- _PROBLEM REQUIREMENTS_
Make an exact copy of the records below, leaving every image out.

[Stored items]
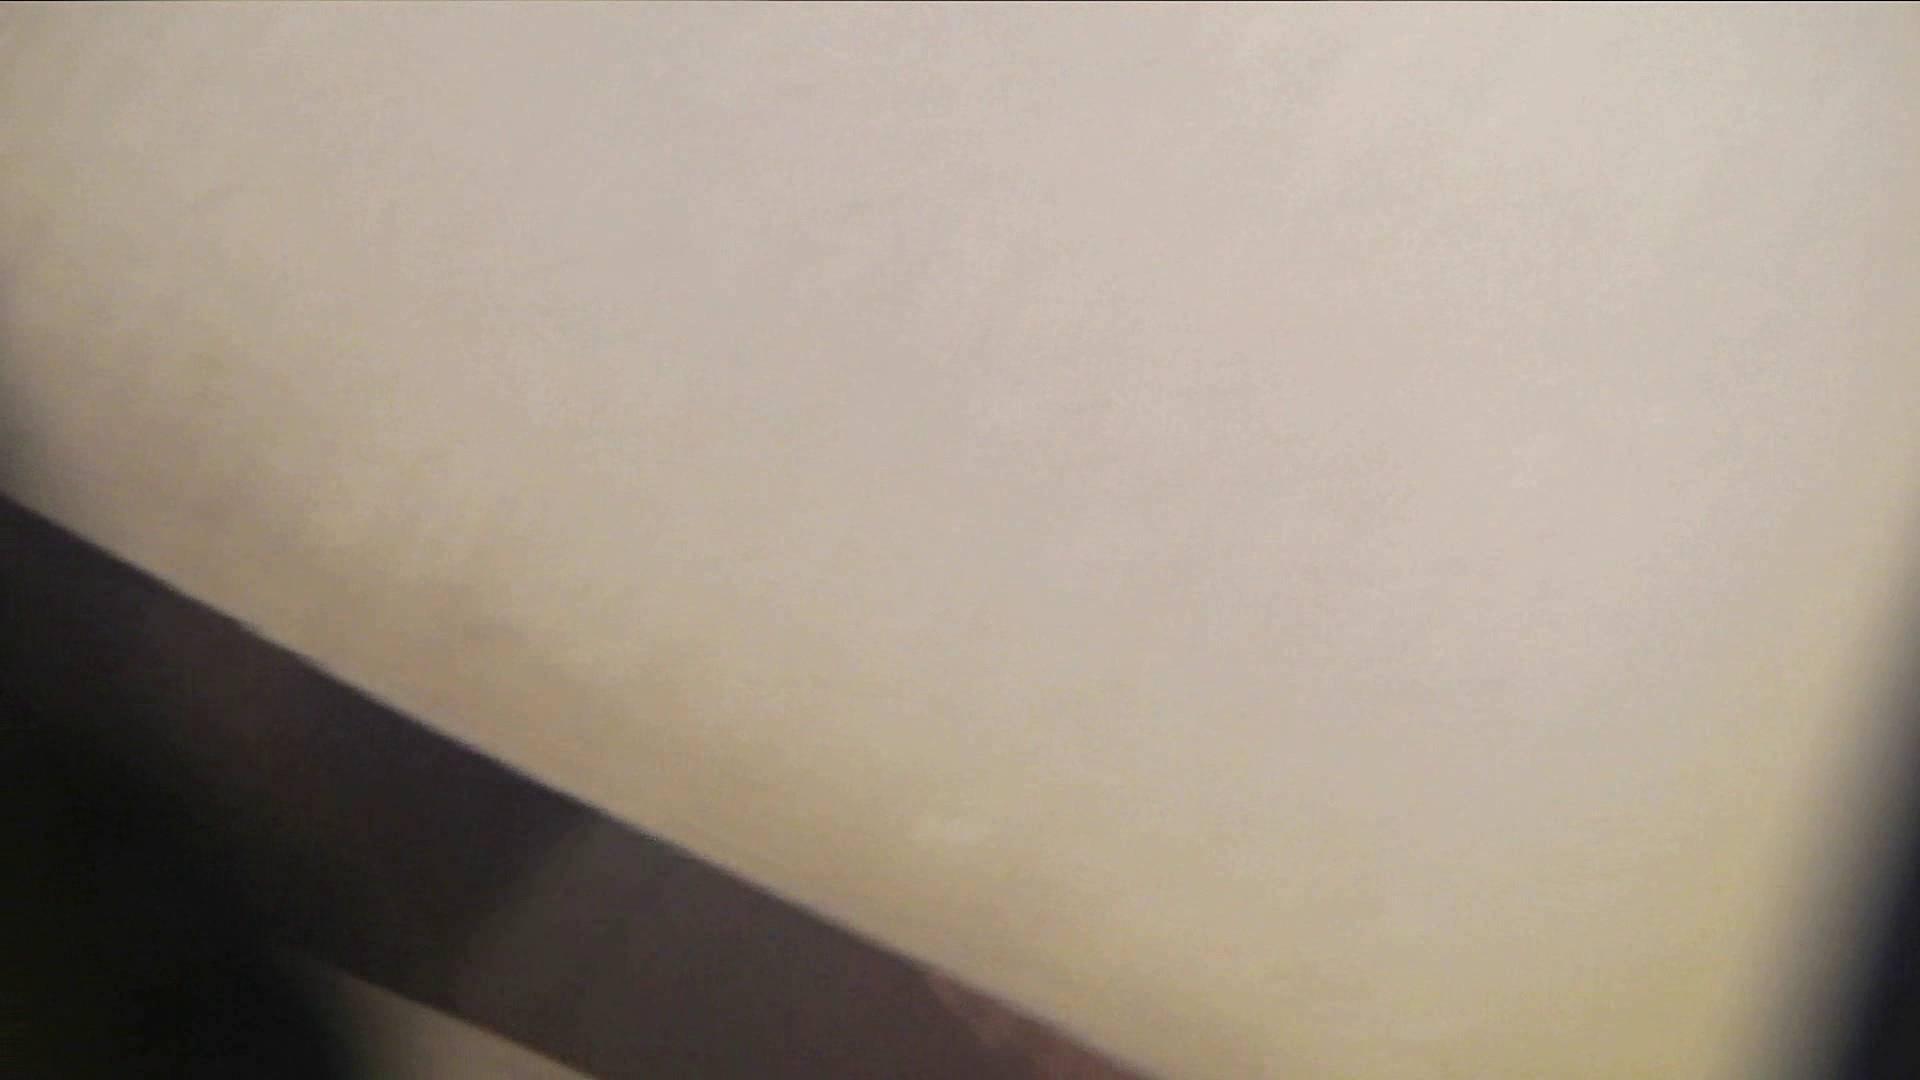 阿国ちゃんの「和式洋式七変化」No.6 洗面所 | 和式  81PIX 61
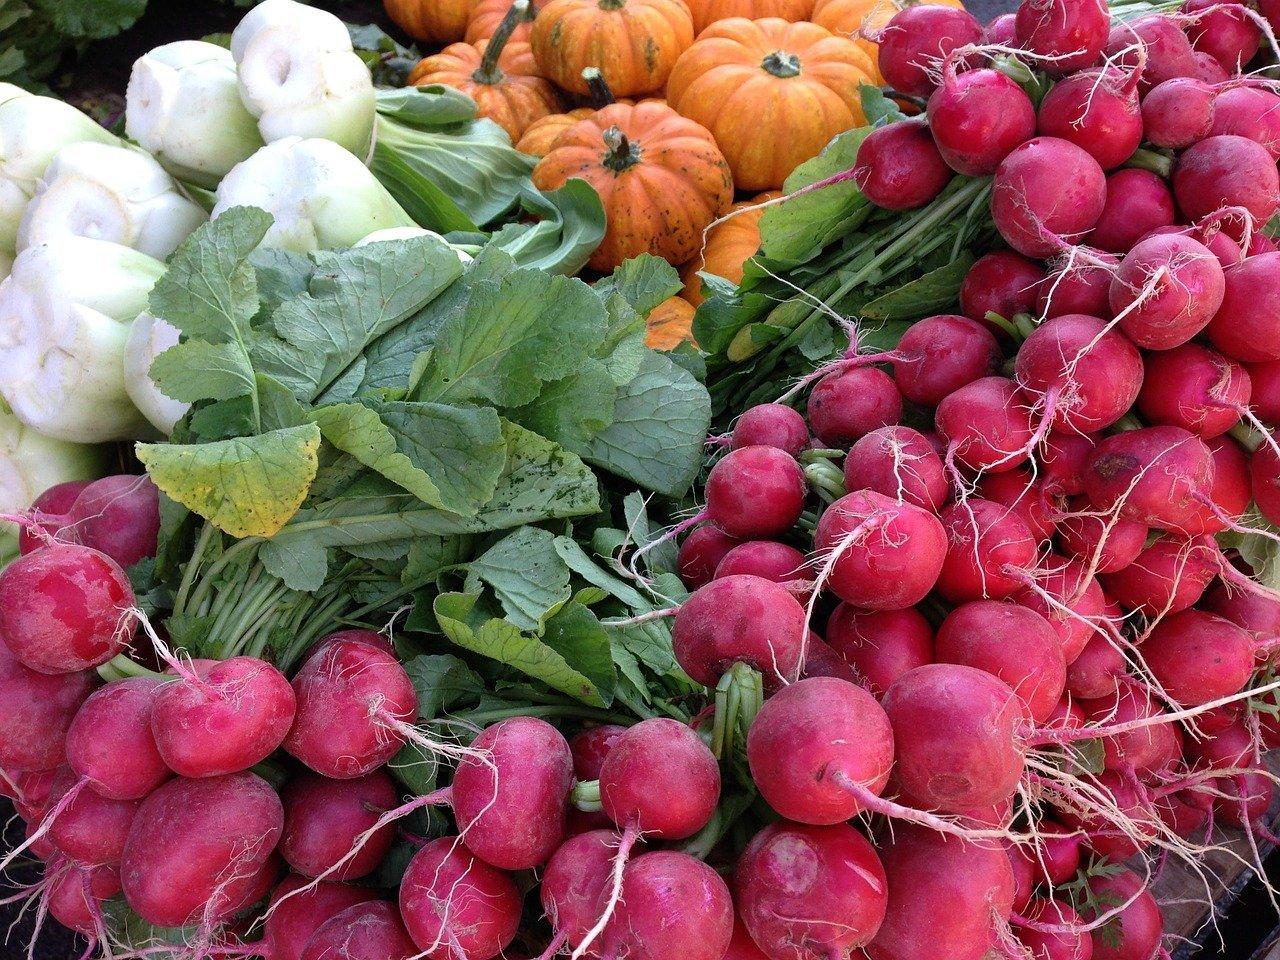 Frisches Gemüse - Nahrung in Rohkostqualität
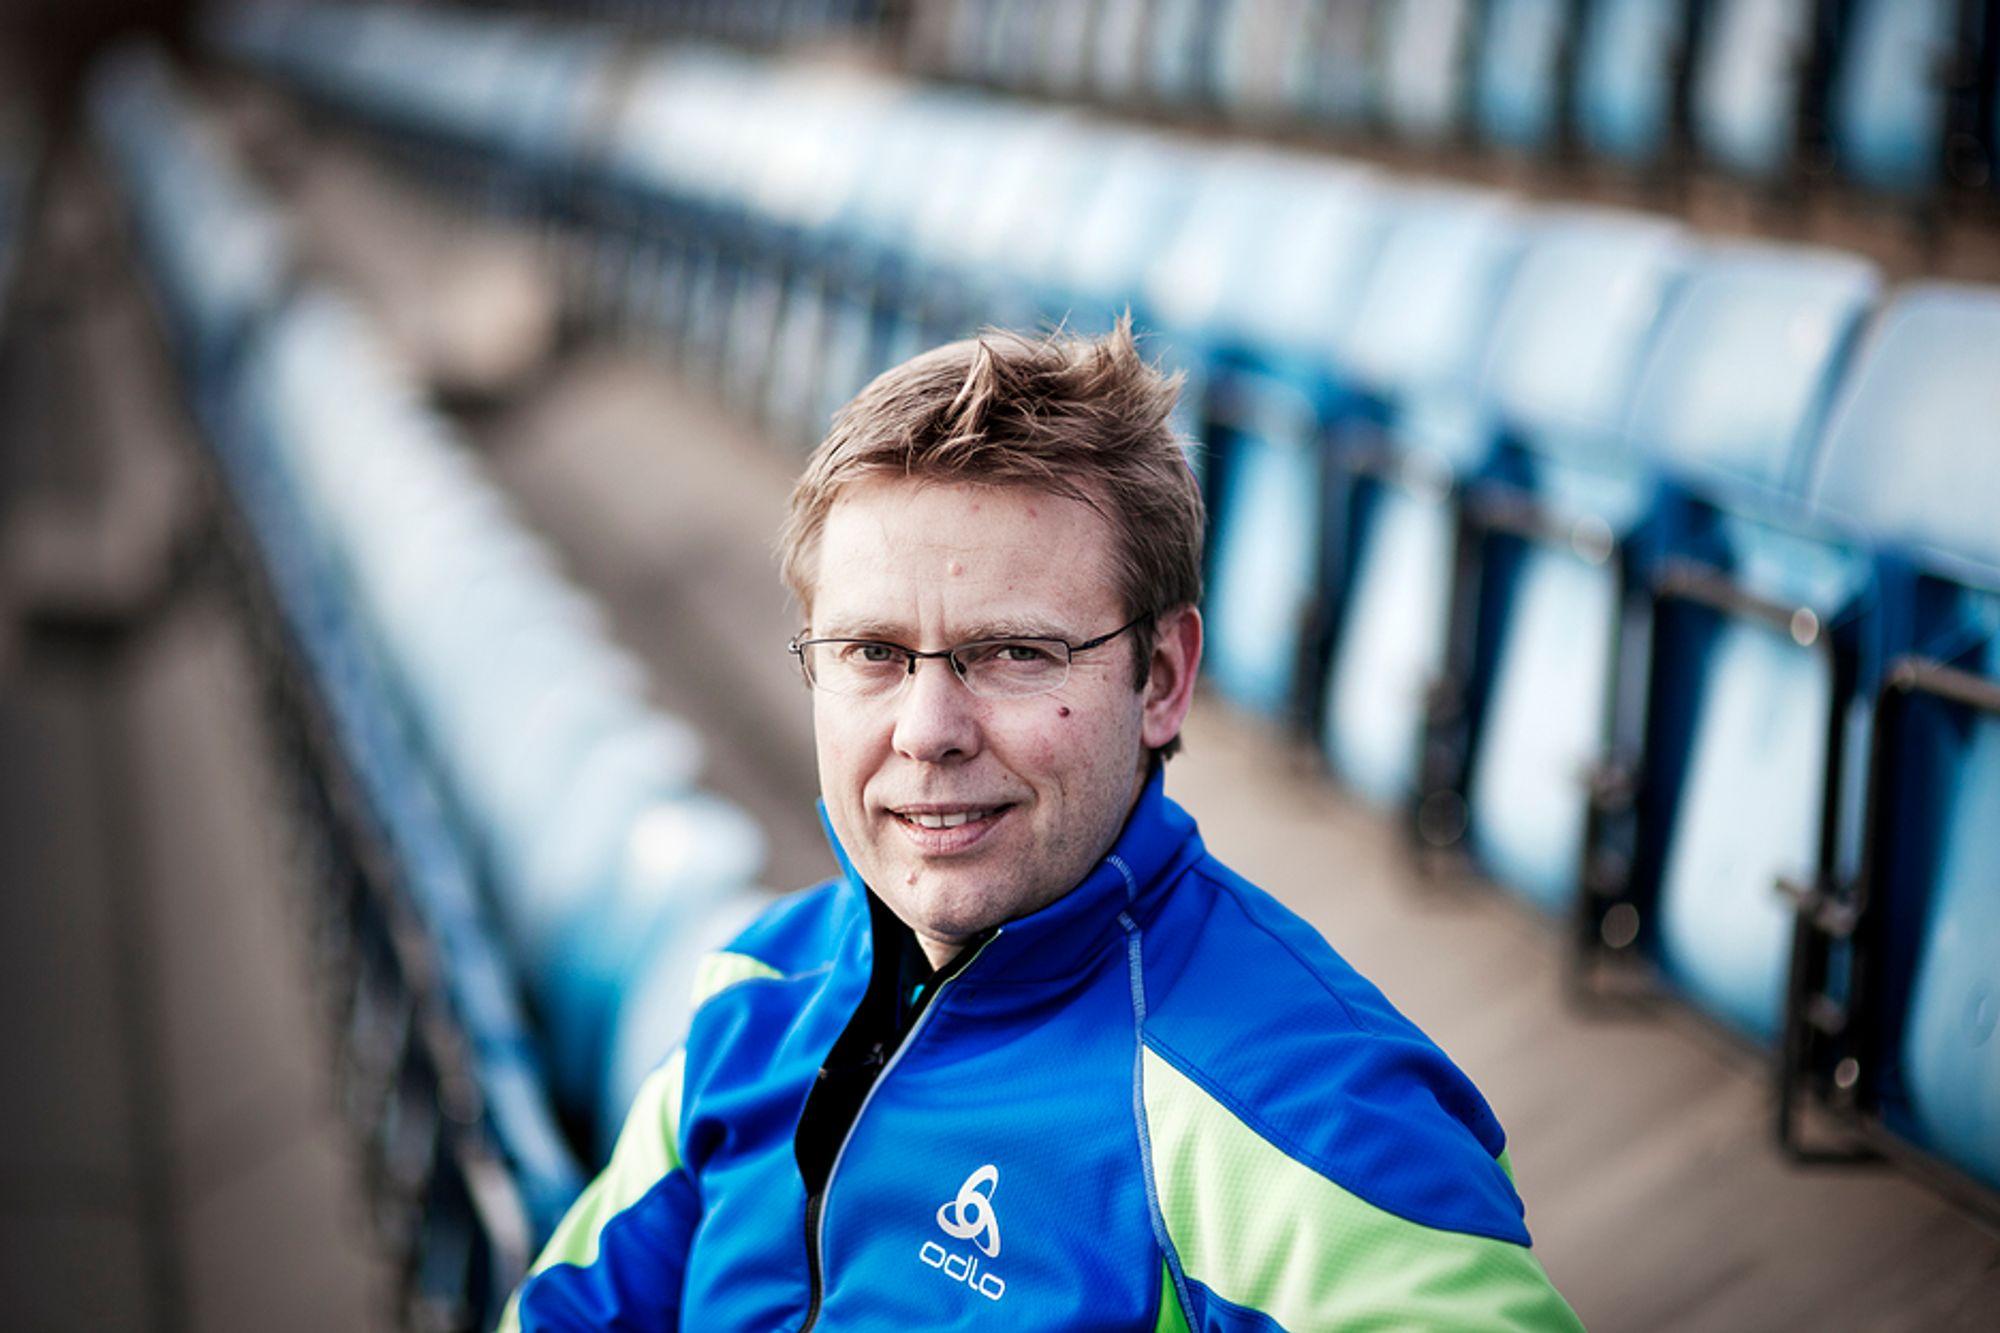 PÅ TILSKUERPLASS: Nå kommenterer Halvard Hanevold skiskytingen, fremfor å utøve den selv. Her på idrettsarenaen i Asker, hvor han har eget sete.
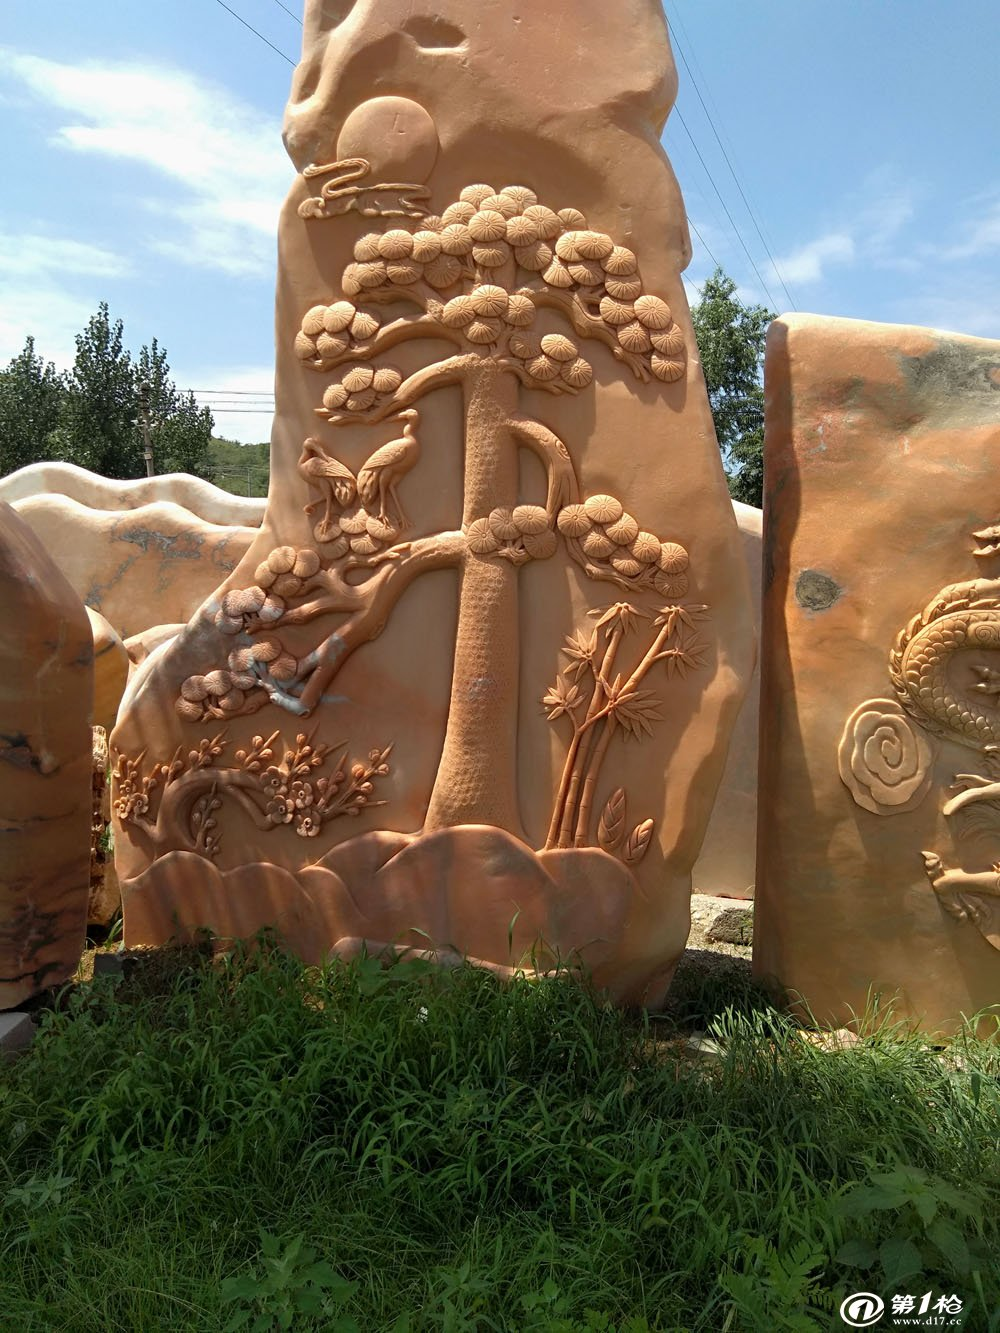 设计园林石雕之前比较有需要好的制作.木饰品设计图图片
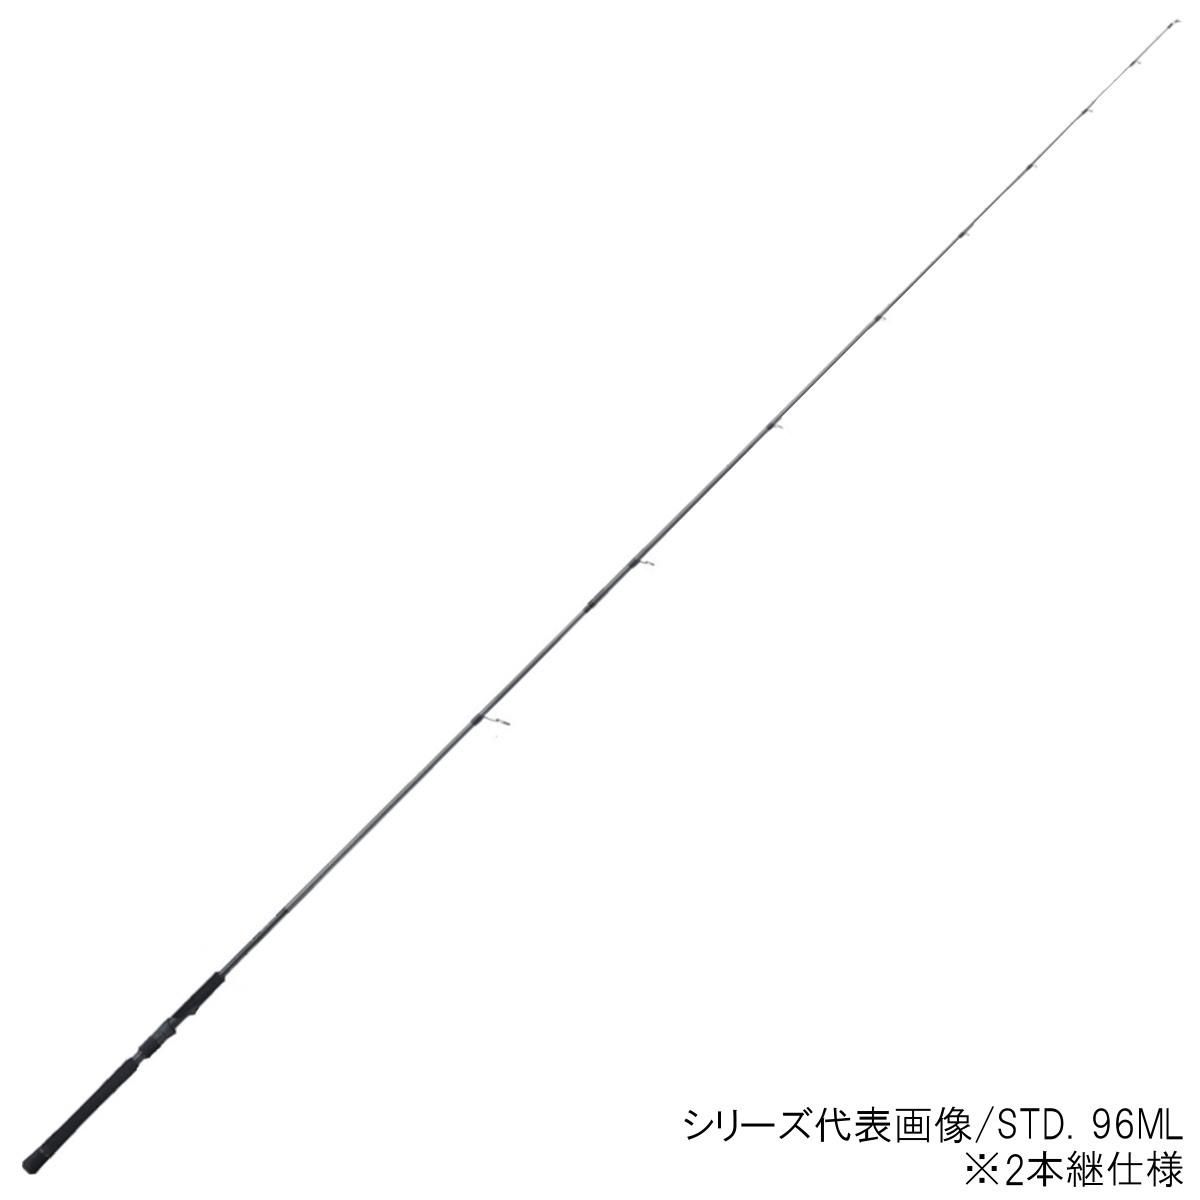 アピア GRANDAGE STD. 90M【送料無料】

- _FINISHED TASK_
 阿国ちゃんの「和式洋式七変化」No.6 洗面所 | 和式  81PIX 61
 Frisches Gemüse - Nahrung in Rohkostqualität
 PÅ TILSKUERPLASS: Nå kommenterer Halvard Hanevold skiskytingen, fremfor å utøve den selv. Her på idrettsarenaen i Asker, hvor han har eget sete.
 设计园林石雕之前比较有需要好的制作.木饰品设计图图片
 アピア GRANDAGE STD. 90M【送料無料】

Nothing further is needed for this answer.